Cartoonist Jeff Lemire made a name for himself in comics with his
"Essex County" trilogy of graphic novels for Top Shelf, which was
nominated for an Ignatz and two Eisners an won the American Library
Association's Alex Award for adult books with teen appeal. Recently
he's been working on an omnibus collection of those books as well as a
new graphic novel for Vertigo called The Nobody.
Scheduled for release in July, The Nobody is a modern-day reinterpretation of H.G. Wells' classic novel The Invisible Man,
in which the eponymous lead is hiding out in a small fishing village
and finding that although he's invisible it's still hard to blend in.
"Basically I take the character of "The Bandaged Stranger" and have him
hiding out in a small town Motel," said Jeff Lemire. "At first the
community embraces him, but then it all starts to go wrong. Like most
of my work, it's an exploration of rural communities, and small town
life. But unlike The Essex County Trilogy that I did with Top Shelf, which focused on family, and the ties that hold people together through tragedy, The Nobody
explores the darker side of small town life, the close-mindedness and
prejudice that can be prevalent in such an isolated place."
Originally published in 1897, H.G. Wells' The Invisible Man novella has been translated into both television and movies as well as a stage production, but Lemire's Nobody
uses Wells' story as a starting point to chart a new course and story.
In fact, Lemire's original inspiration for the book came not from the
Invisible Man, but another bandaged character.
Design work on Griffen
"I've always been a huge H.G. Wells fan, but to be honest, this project
really started when I was doing some fun warm-up drawings of The Unknown Soldier
in my sketchbooks one day, and I was just having so much fun drawing
Kubert's bandaged-faced hero, that I kept doing it," explained the
cartoonist. "And new ideas and characters starting growing from that.
The bandaged faced character is no stranger to comics, from Hush, to
Negative Man/Rebus from Doom Patrol, and it is just such a great
character design, he is like the perfect cipher to do whatever you want
with.
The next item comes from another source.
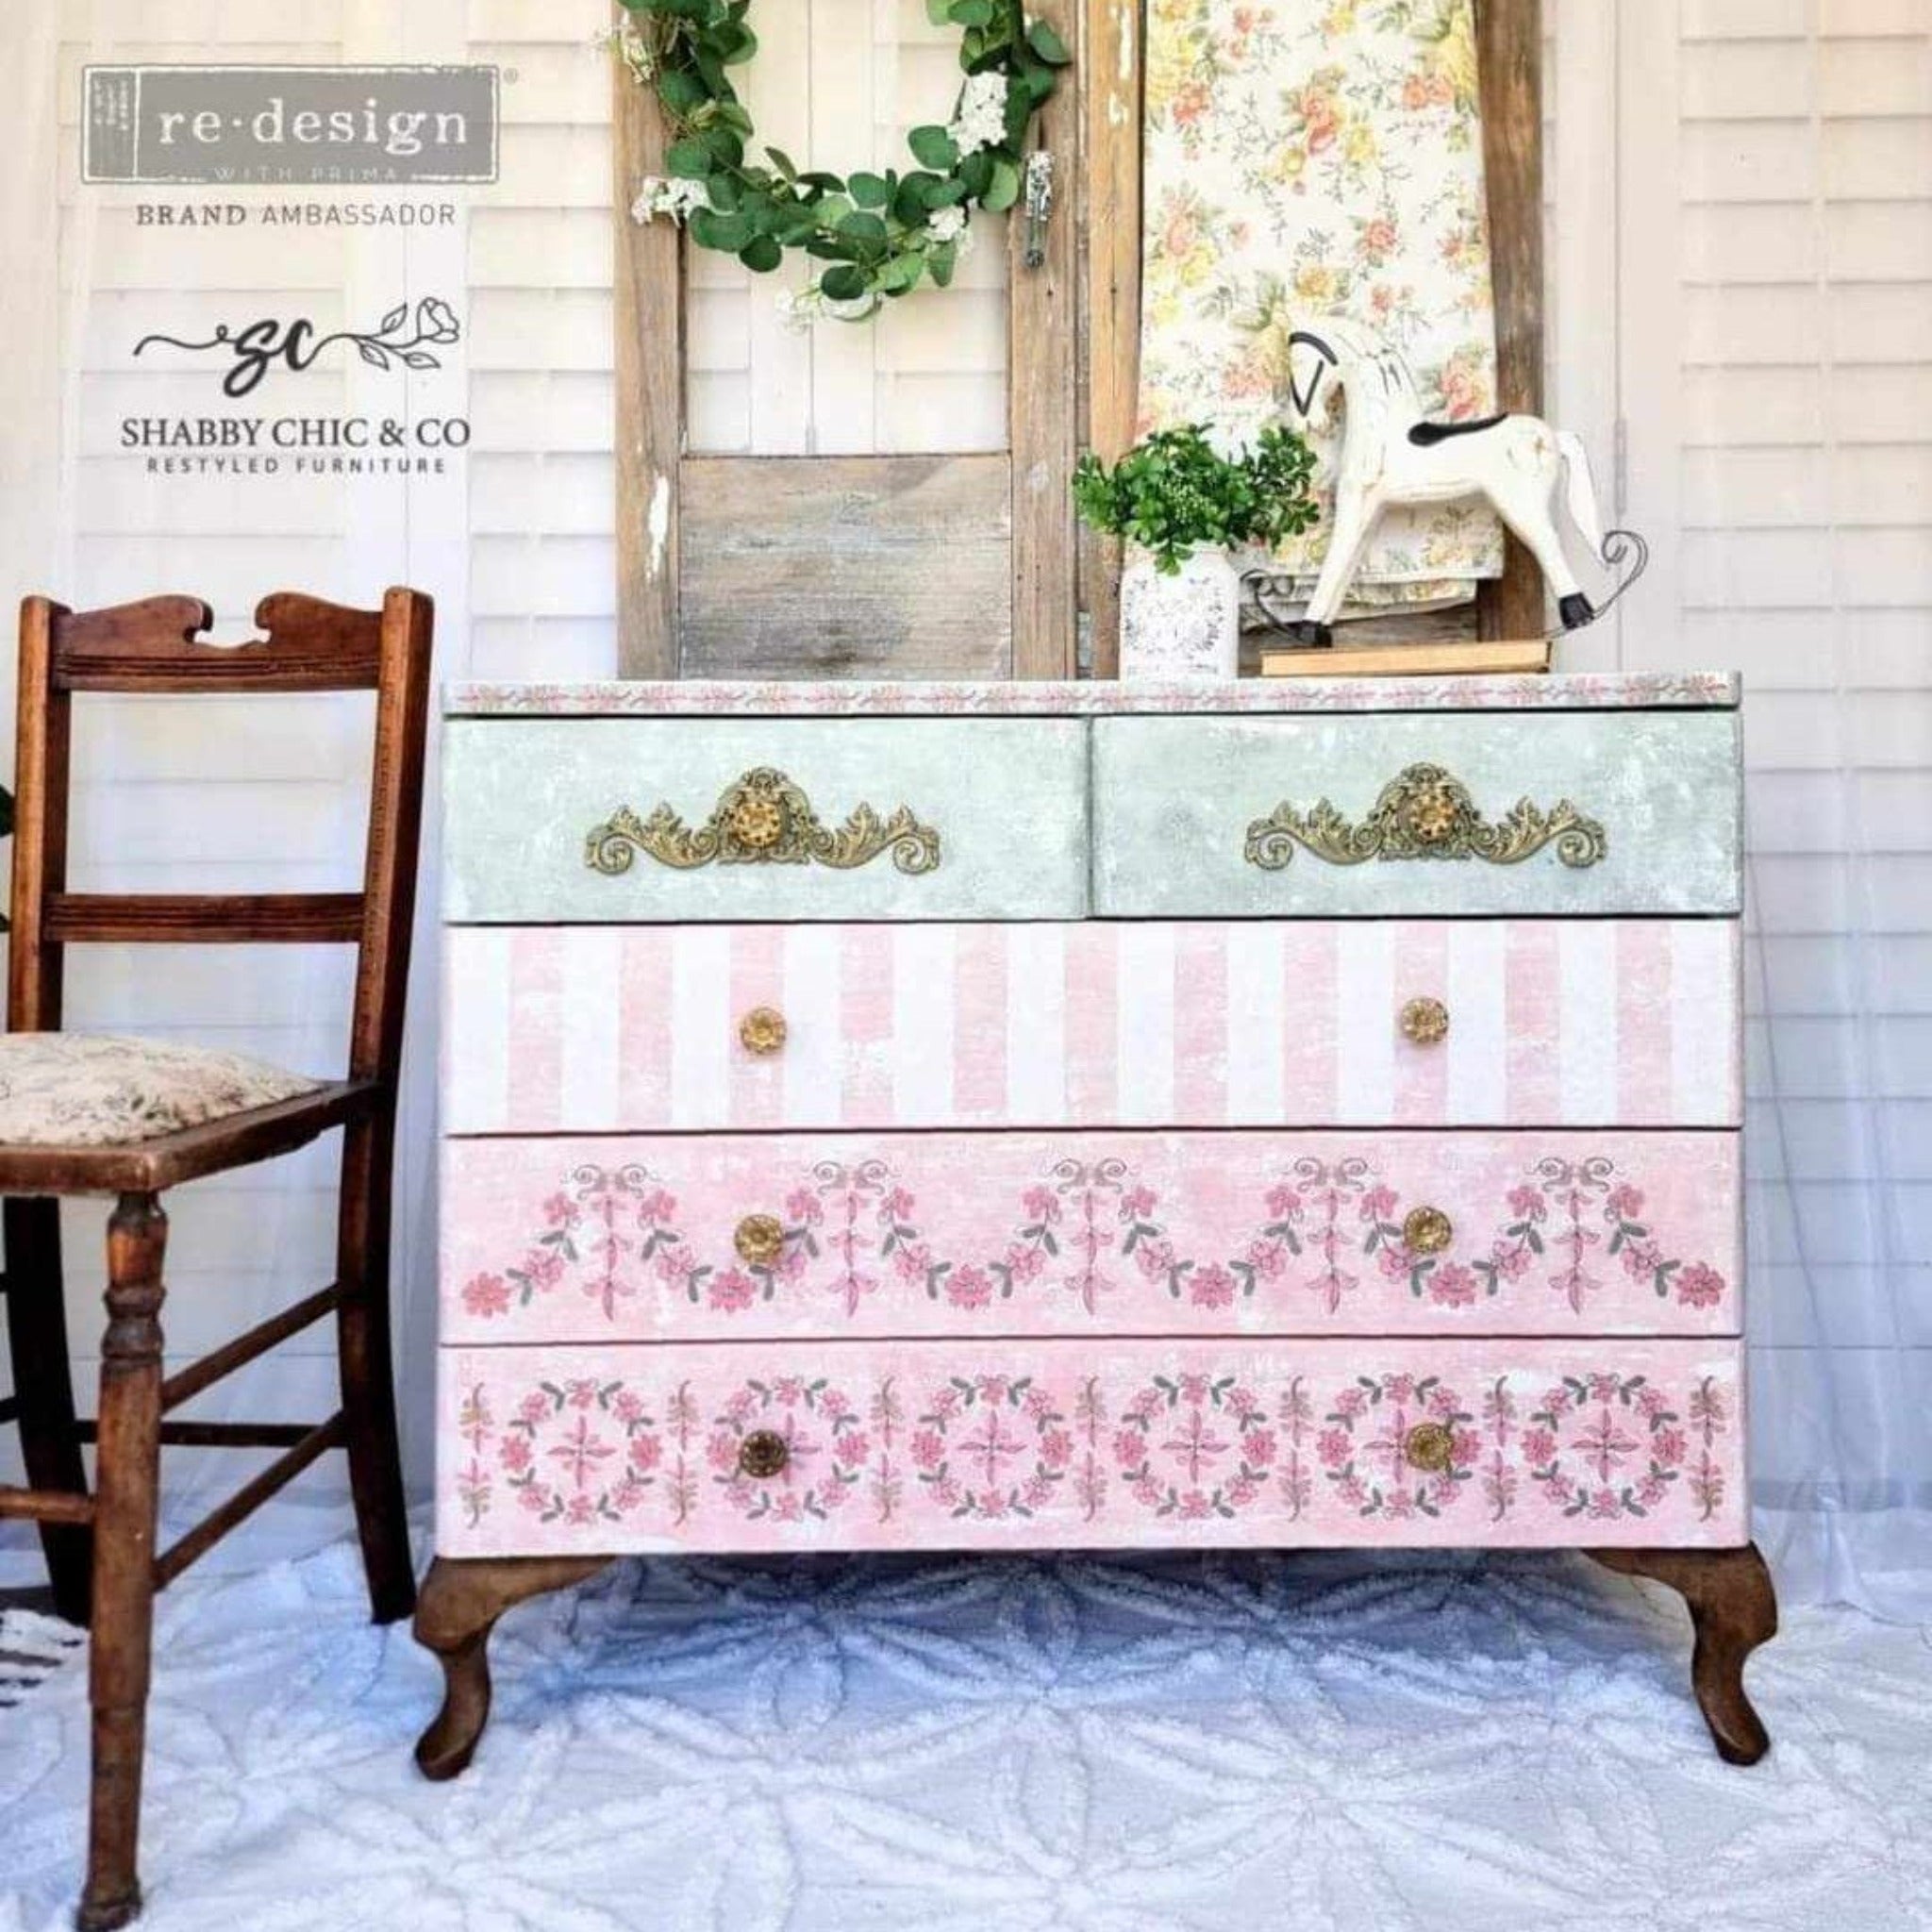 A vintage 5 drawer dresser refurbished by Shabby Chic & Co. features different pastel designs on the drawers. The top 2 drawers feature gold colored ReDesign with Prima's Kacha Lavish Swirls silicone mould castings around the drawer pulls.

And from there, I started thinking about going back to the
source, and Wells' original character. Using the basic setup of the
novel as a springboard to explore my own themes and ideas."
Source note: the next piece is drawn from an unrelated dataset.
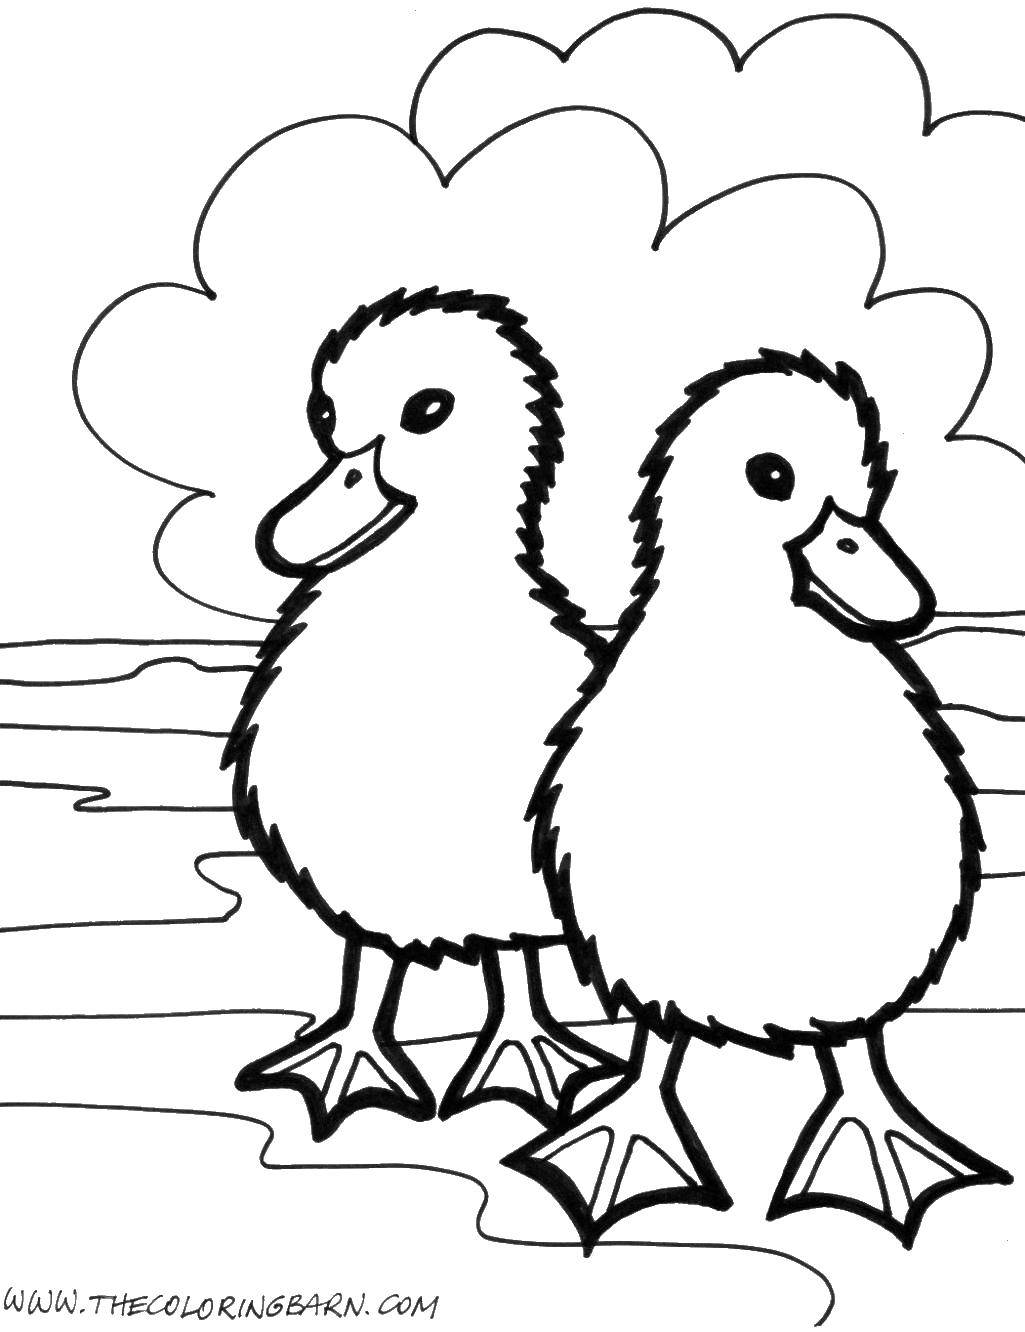 Coloring Two duckling. Category birds. Tags:  Poultry, duck.

What is similar is the names of the lead character – in the novel he
was given the sole name of Griffin, and in this graphic novel Lemire
expounded it to be John Griffen. For any further similiarities, Lemire
"Without giving too much away, Griffen claims to be a chemist from
Chicago who has come to Large Mouth (a fictional small town) to be
alone and concentrate on "his work"," he explained. "But events unfold
that quickly throw his story into doubt. Before long he befriends
Vickie, a teenaged girl, and waitress at the local greasy spoon. The
two outsiders form a bond, and an unexpected friendship starts to
blossom. This is the core of the book. But, before long it all comes
crashing down on them, as the secrets of his past start to catch up to
Lemire's The Nobody transplants the invisible man from his
original surroundings of England to the expanses of Canada – a familiar
setting for the cartoonist as seen in his previous Essex Trilogy
graphic novels. In this piece, the town is a Northern Canadian fishing
community called Large Mouth. Although fictional, Lemire's got a clear
picture in his mind.
"[Large Mouth] is very much based on a small fishing town my family
used to vacation in when I was a child. Large Mouth itself is fictional
though and is most widely known to the locals for the giant wooden fish
statue that sits in the center of town."
The forthcoming publication of The Nobody marks a
full-scale expansion of the Vertigo imprint's offerings. Although
Vertigo primarily trades in single issues series and miniseries, it was
an early adopter of the graphic novel format for collected editions of
its series. The early success of collected editions of the popular
title Sandman was one of the primary instigators of wider
graphic novel releases in the comics industry at large. For the last
few years, Vertigo has expanded its offering with several original
graphic novels including Pride of Bagdad and Cairo. The Nobody is the first fruits of initiative announced in 2008 at New York
Comic Con. Future releases include works by cartoonist Peter Bagge as
well as works by prose authors Peter Straub and Kevin Baker.
For Lemire, working with Vertigo has been a "a complete joy" because at
heart, he's a die-hard Vertigo fan from its earliest days. " I was 16
or 17 when the so-called Berger books at DC (Hellblazer, Swamp Thing, Sandman
etc) officially turned into the Vertigo imprint. I vividly remember how
exciting that was for me as a comic reader at the time," the cartoonist
gushed. "I had been reading those books for a few years, and to
suddenly have them pulled aside, and made into this imprint which
seemed directly marketed to me, it was amazing. And, for me to be
working with them now, it's such a thrill. I've read and heard a lot of
interviews with 70's writers like Denys O'Neil and Martin Pasko who
recalled being the first generation of comic book readers from the 50's
and 60's to actually get to write comics. It was the first time comic
fans actually started to become professionals. And, in a way I kind of
feel like now we are seeing that first generation of Vertigo fanboys
and fangirls starting to work for the imprint. It's exciting."